(RECORDED DATA):

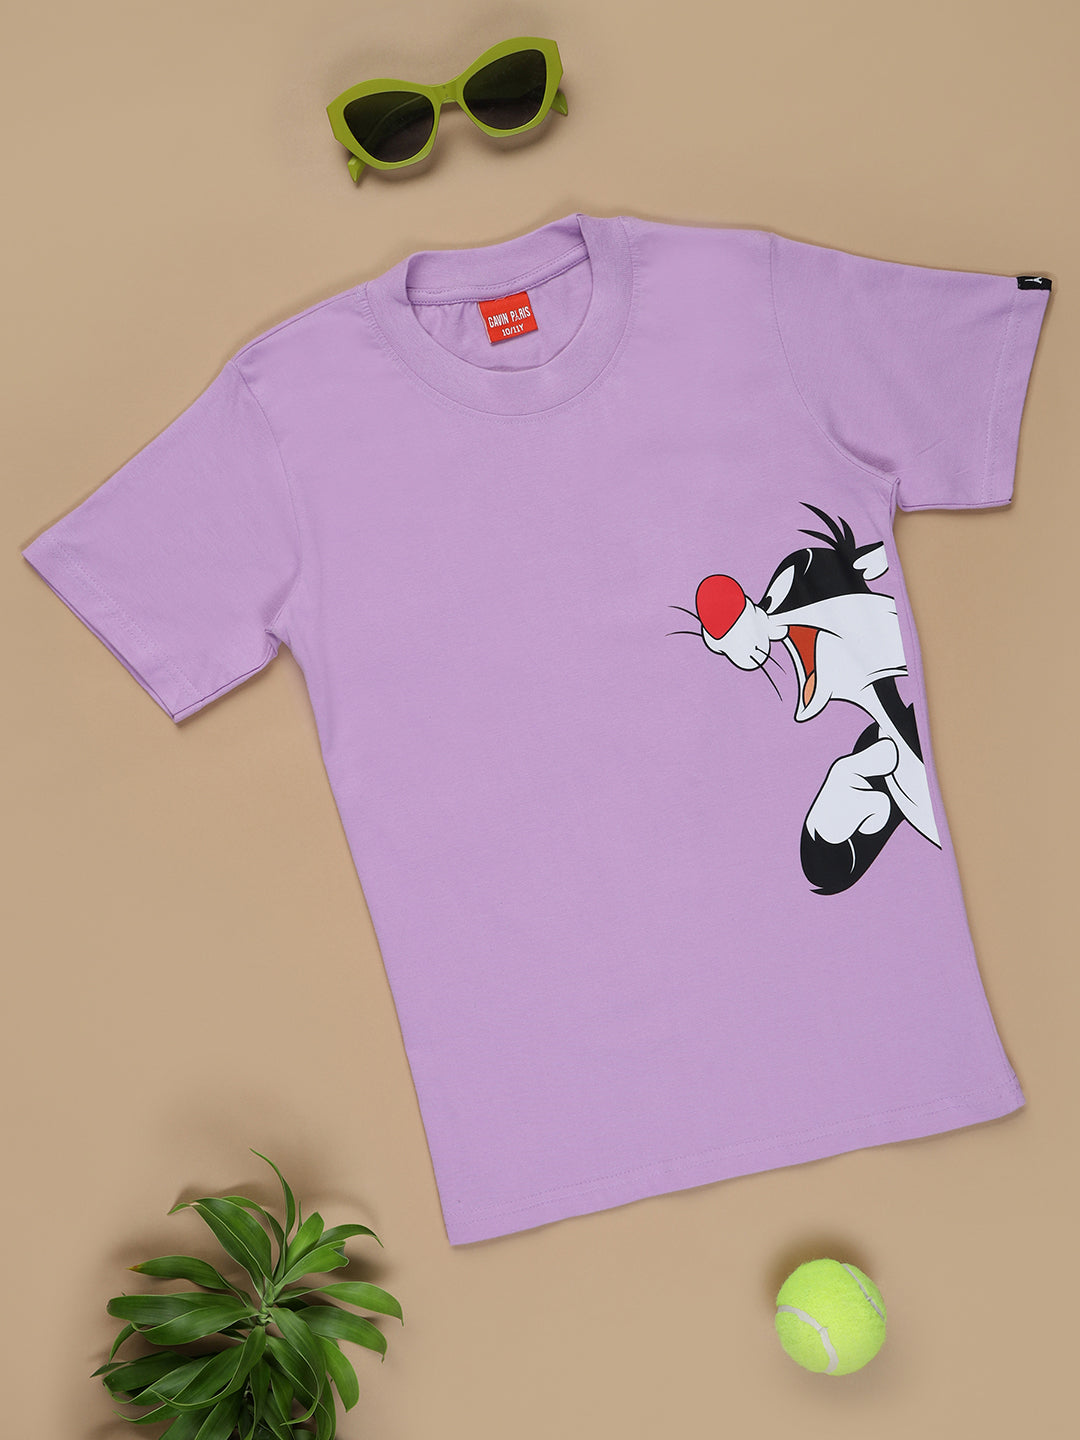 Side Sylvester T-shirts for Boys & Girls
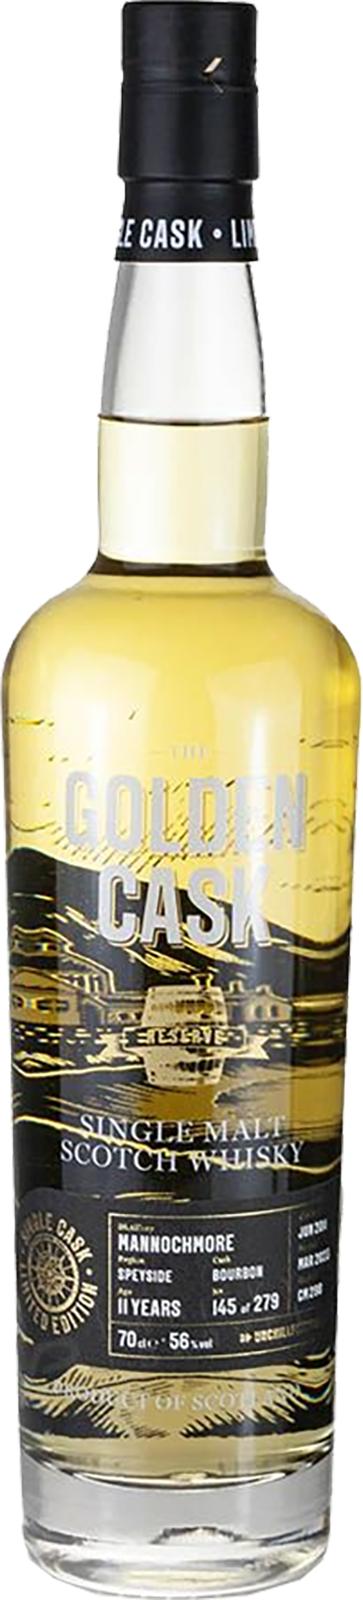 Mannochmore 2011 (The House of MacDuff) The Golden Cask Single Malt Scotch Whisky | 700ML
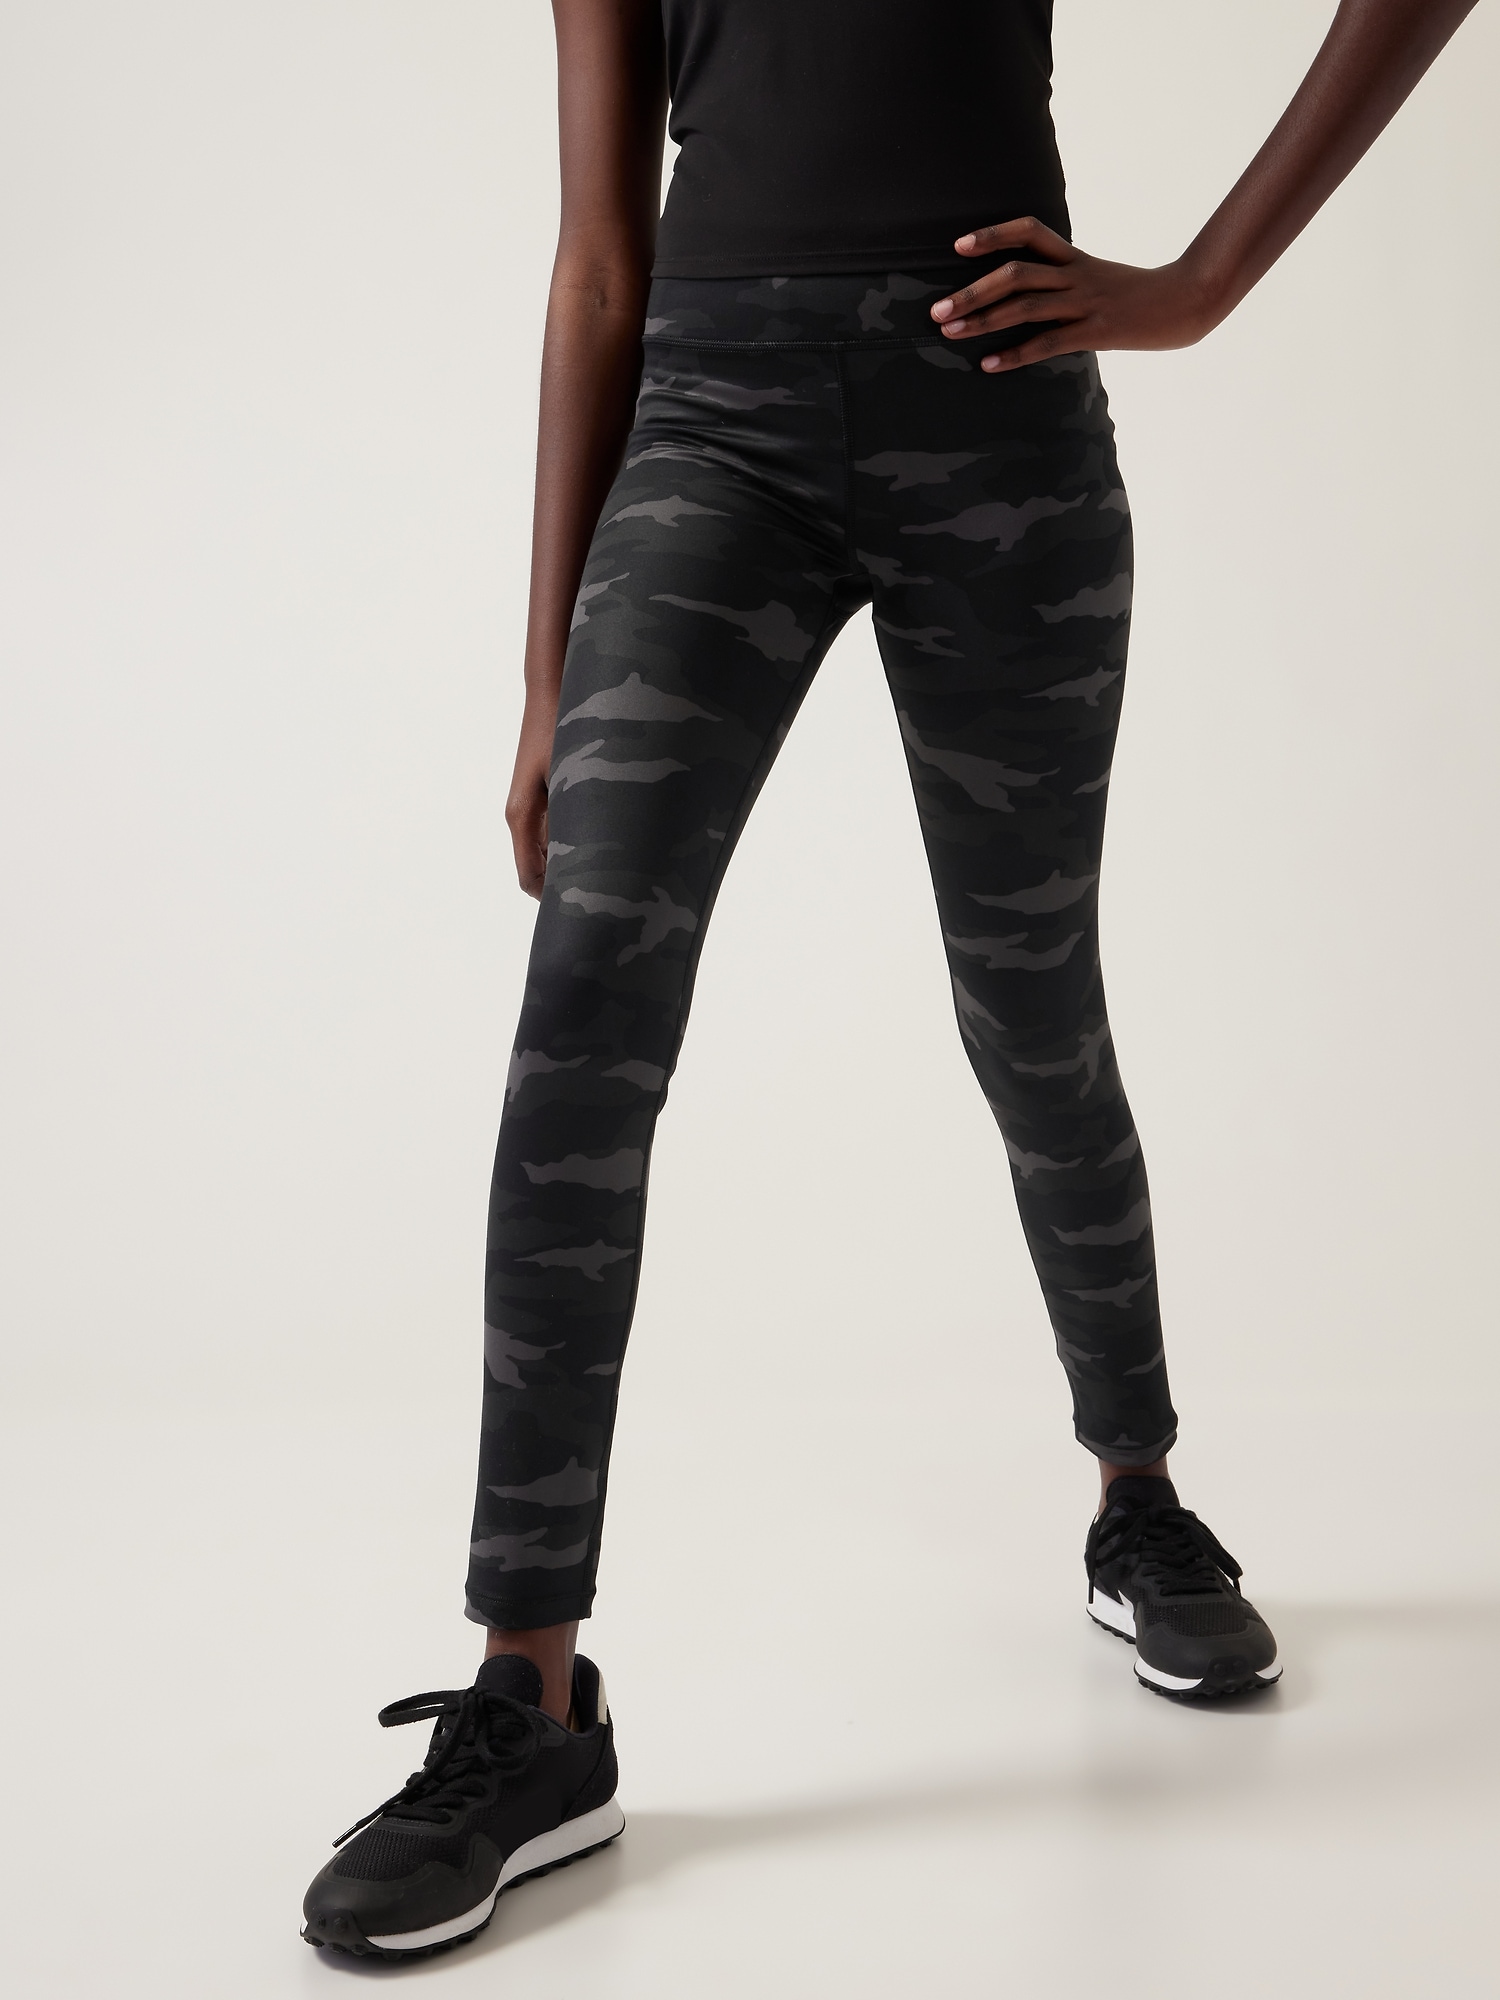 Athleta Girl Leggings Girls Black Athletic Pants Size M (8-10)
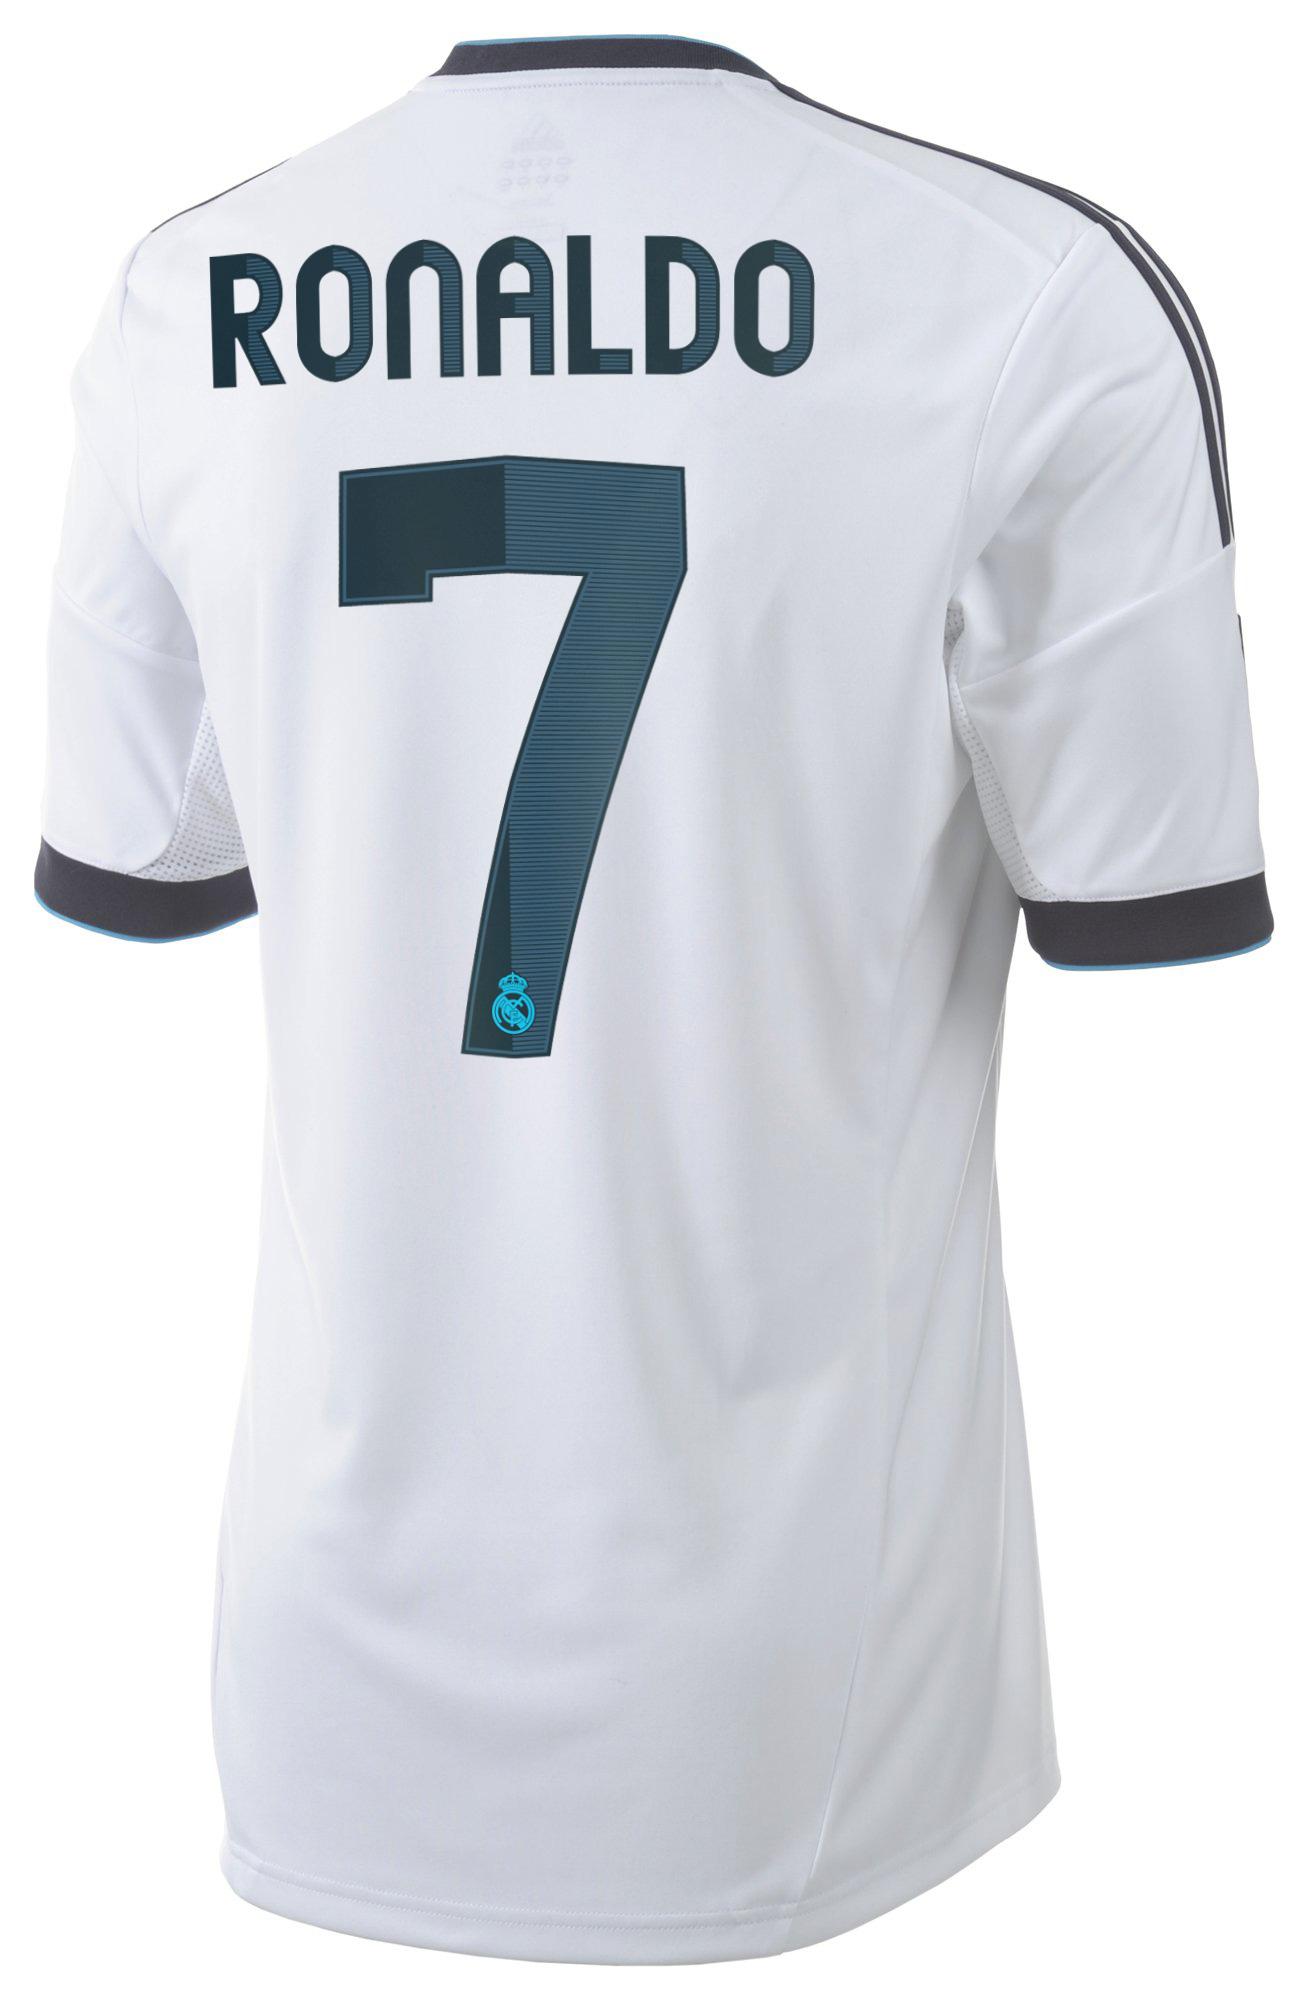 Foto adidas Real Madrid Home Jersey - Ronaldo 7 foto 2798

(EXERCISE DESCRIPTION):
The line containing "Athleta Girl Leggings" and every line after it, through the end of the data, are to be output exactly. Omit the pictures.

(RESPONSE):
 Athleta Girl Leggings Girls Black Athletic Pants Size M (8-10)
 Foto adidas Real Madrid Home Jersey - Ronaldo 7 foto 2798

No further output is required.